Getting started with research data

Before you even begin your collection/production of data it´s advisable to set up a plan for how this data shall be managed. A Data Management Plan (DMP) is often a necessity if you want to receive a grant. And a DMP that is updated and followed up on a regular basis will provide support come project implement time.

DMPonline at Halmstad University

Use Halmstad University's instance of DMPonline (https://dmp.hh.se) to kickstart your DMP! For more information, see the help page.

What data should I manage?

Data can be qualitative (e.g., text interviews, images and videos, audio recordings) or quantitative (e.g., tabular data, structured databases). Are there any ethical aspects (including personal data) or intellectual property rights issues with your data that you need to address?

As part of your Research Data Management (RDM) you should manage any data and code, as well as documentation about them, that are created or used as part of a research project. This might include:

Quantitative and qualitative data
Raw or processed data
Notes
Laboratory or research notebooks
Codebooks
Code or software used to run data analyses
Data workflows or pipelines
Metadata (documentation describing the data)

As a rule of thumb

You should know the location of all data produced by or used in your research project and it should be annotated sufficiently so that others can understand and reproduce your work, and possibly re-use your data in future studies.

What should I document about my research data?

What is the sufficient information needed for others to be able to use your data, understand or replicate your work? The answer to that and your type of data determines the need to document some or all of the items below.

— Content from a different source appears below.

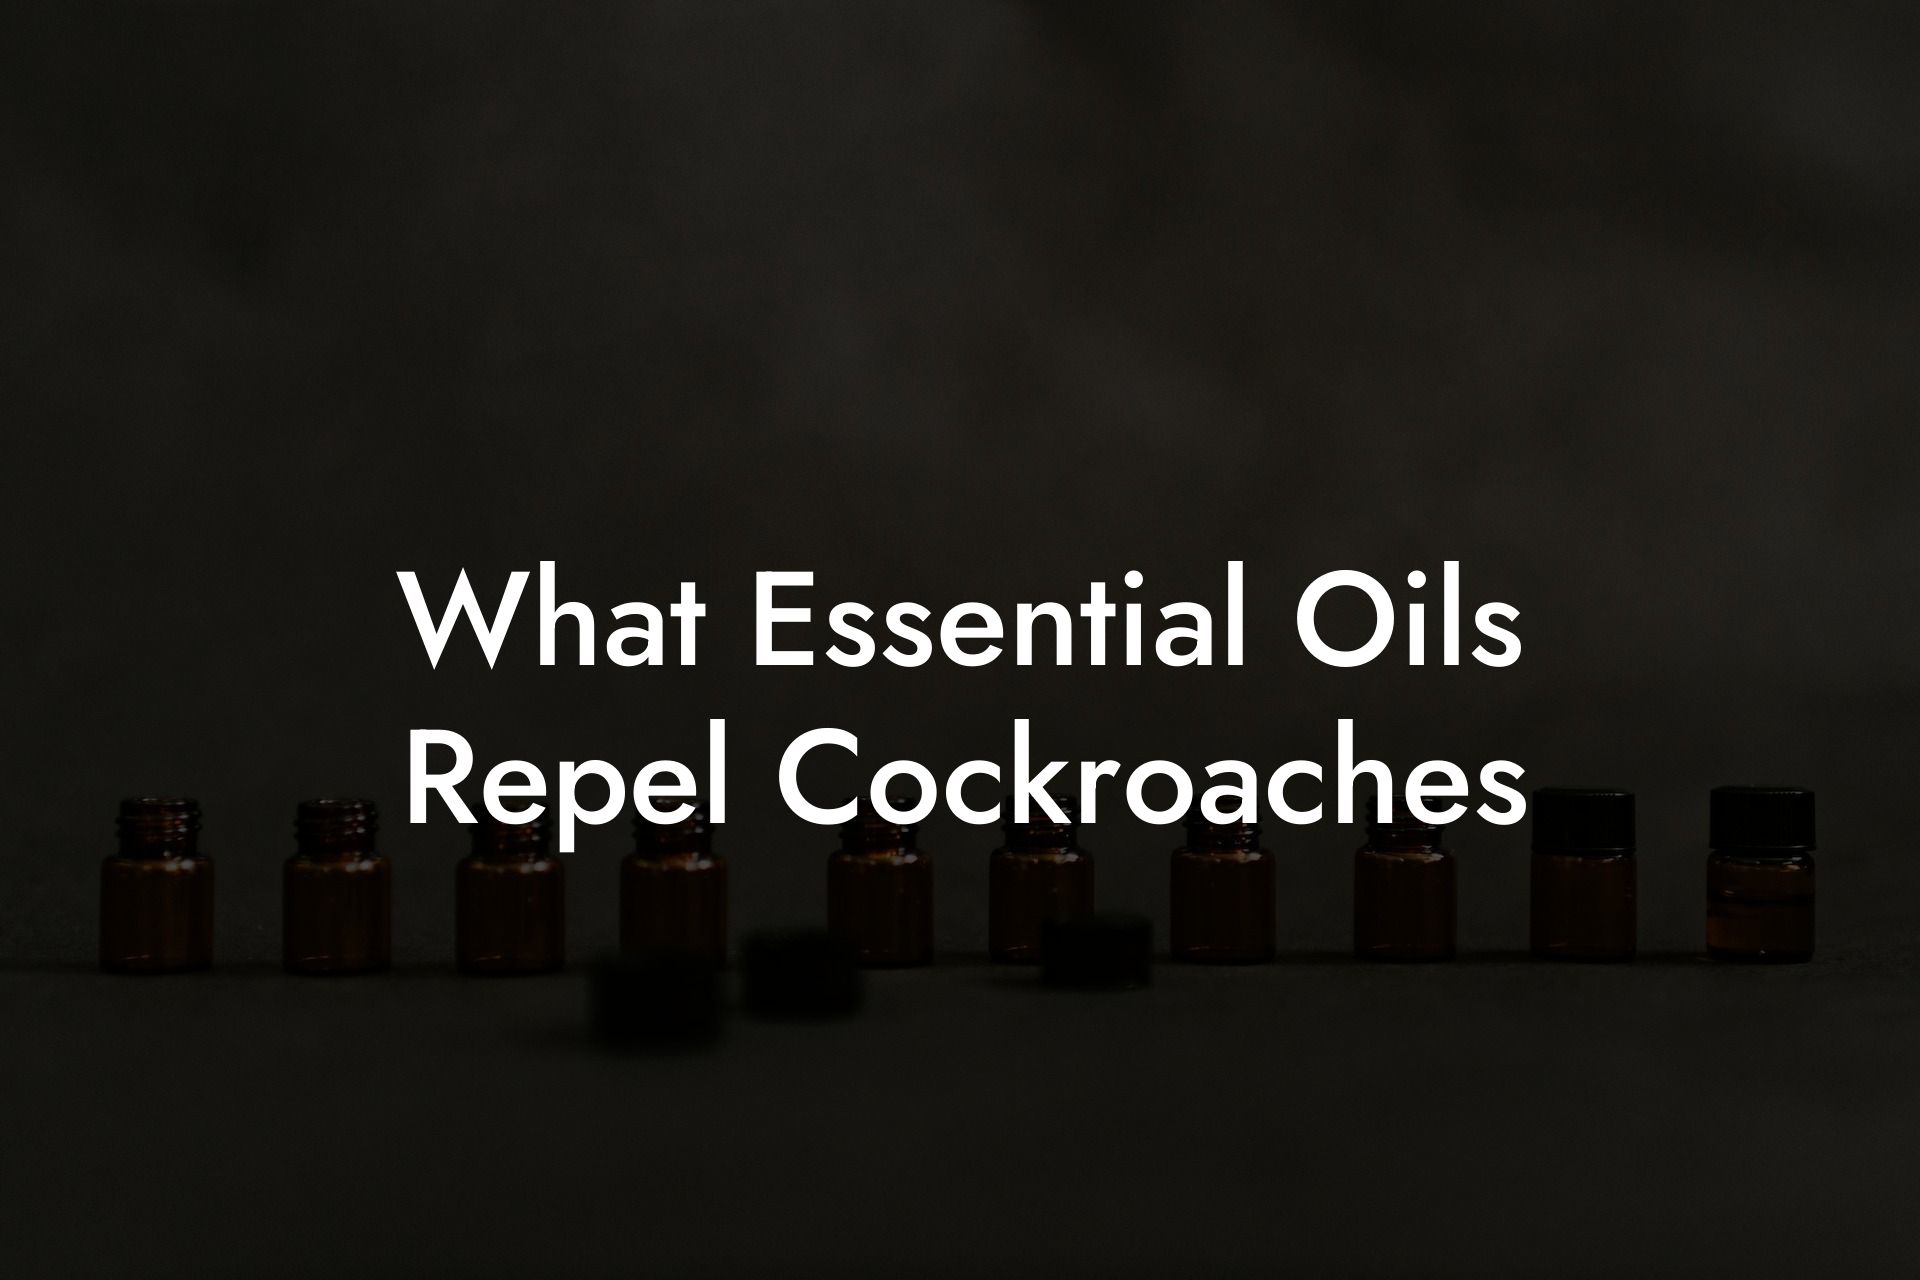 What Essential Oils Repel Cockroaches

Research Project Documentation

Rationale and context for data collection
Data collection methods
Structure and organisation of data files
Data sources used
Strategies for data validation and quality assurance
Analytical steps and pipelines (if any) used to process data
Information on data confidentiality, access and use conditions (sensitive data, such as personal data)
Archiving

Dataset documentation

Variable names and descriptions (for quantitative data)
Explanation of codes and classification schemes used
Algorithms used to transform data (including code)
File format (including version) for any software used

Read more about the importance of Research data management for both institutions and researchers.

Perrier, L., Blondal, E., Ayala, A. P., Dearborn, D., Kenny, T., & Pluye, P. (2017). Research data management in academic institutions: A scoping review. PLOS ONE, 12(5), e0178261. https://doi.org/10.1371/journal.pone.0178261

Classify information

Depending on the type of data, for instance personal data or other sensitive data, you might need to rethink how you plan to manage and store your data.

There are a couple of documents dedicated to the handling (Riktlinjer för hantering av information) and classification (Rutinbeskrivning för informationsklassning) of information at Halmstad University. There is also a page, Personal data processing, on the staff web where you can read more about handling of personal data.

Storing data

At Halmstad University Sunet Drive is used as a dedicated storage solution for research data, that meet the needs required for storage of all types of research data. Find out more here.

If you are not used to the procedure of classifying your data, or have other questions regarding data security, please contact the Data Protection Unit at Halmstad University (dataskydd@hh.se).

Organising data

It will be easier to find and to keep track of data files, even after a long time, if the file names are sensible and the folder structures are well-organised. Delete data and files that are not needed and will not to be archived. Separate work in progress or drafts from completed work. Make sure you backup your original data.

File structuring

Think carefully how best to structure files in folders, in order to make it easy to locate and organise files and versions. When working in collaboration with others, the need for an orderly structure is even more important.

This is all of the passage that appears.